Photostable molecules on chip: integrated single photon sources for quantum technologies (Conference Presentation)

Efficient quantum light sources and non-linear optical elements at the few photon level are the basic ingredients for most applications in nano and quantum technologies. On the other hand, a scalable platform for quantum ICT typically requires reliable light matter interfaces and on-chip integration.
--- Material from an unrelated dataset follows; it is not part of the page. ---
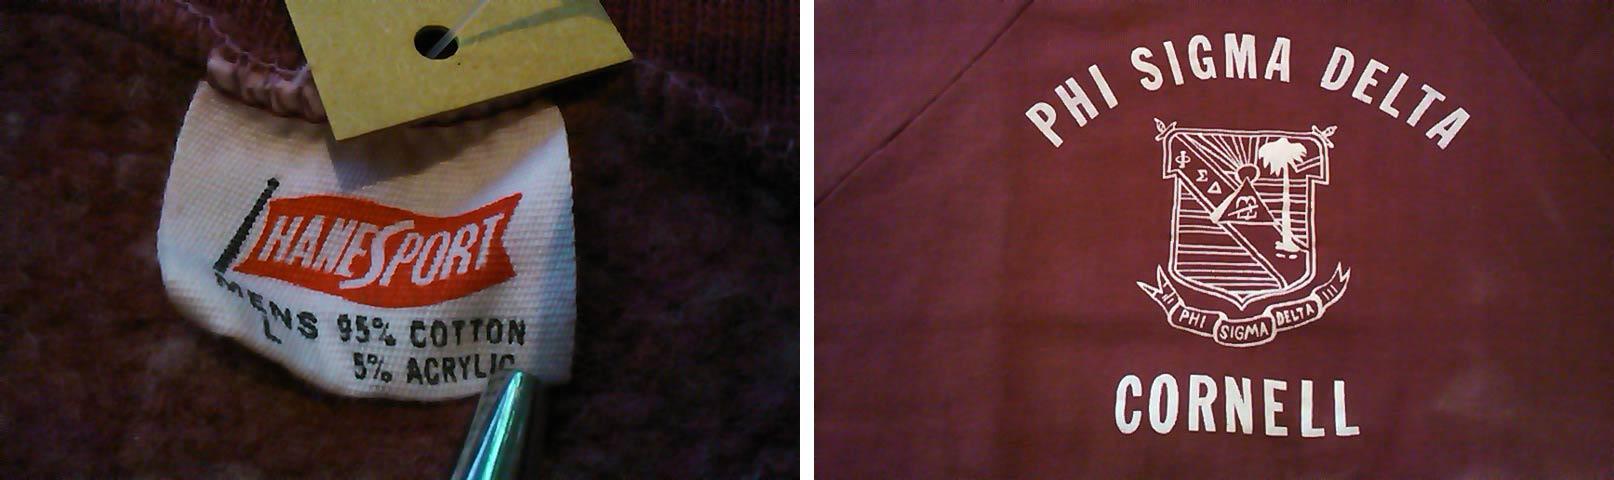 8/24(火)大阪アメリカ村店入荷情報!第2弾 スーペリアアイテム編。_c0078587_21374942.jpg

In this work we demonstrate the potential of a novel hybrid technology which combines single organic molecules as quantum emitters and dielectric chips [1]. Dibenzoterrylene molecules in anthracene crystals (DBT:Ac) are particularly suitable quantum systems for this task, since they exhibit long-term photostability in thin samples [2], easy fabrication methods and life-time limited emission at cryogenic temperatures [3]. We demonstrate at room temperature the emission of single photons from DBT molecules into ridge waveguides with a branching ratio up to 40%. The overall single-photon source efficiency, including emission into the guided mode, propagation losses, and emission into a quasi-gaussian mode in free space, is estimated around 16%. These results are competitive with state-of-the-art single photon emission into propagating guided modes from solid state systems [4], while offering a novel platform with unprecedented versatility. References [1] P. Lombardi et al., Arxiv: 1701.00459v1 (2017). [2] C. Toninelli et al., Opt. Express 18, 6577 (2010). [3] A. A. L. Nicolet et al., ChemPhysChem 8, 1929 (2007). [4] I. Zadeh et al., Nano Lett. 16, 2289 (2016); R. S. Daveau et al., Arxiv: 1610.08670v1 (2016). [5] J. Hwang et. al., New J. Phys. 13, 085009 (2011); H.-W. Lee et al., Phys. Rev. A 63, 012305 (2000).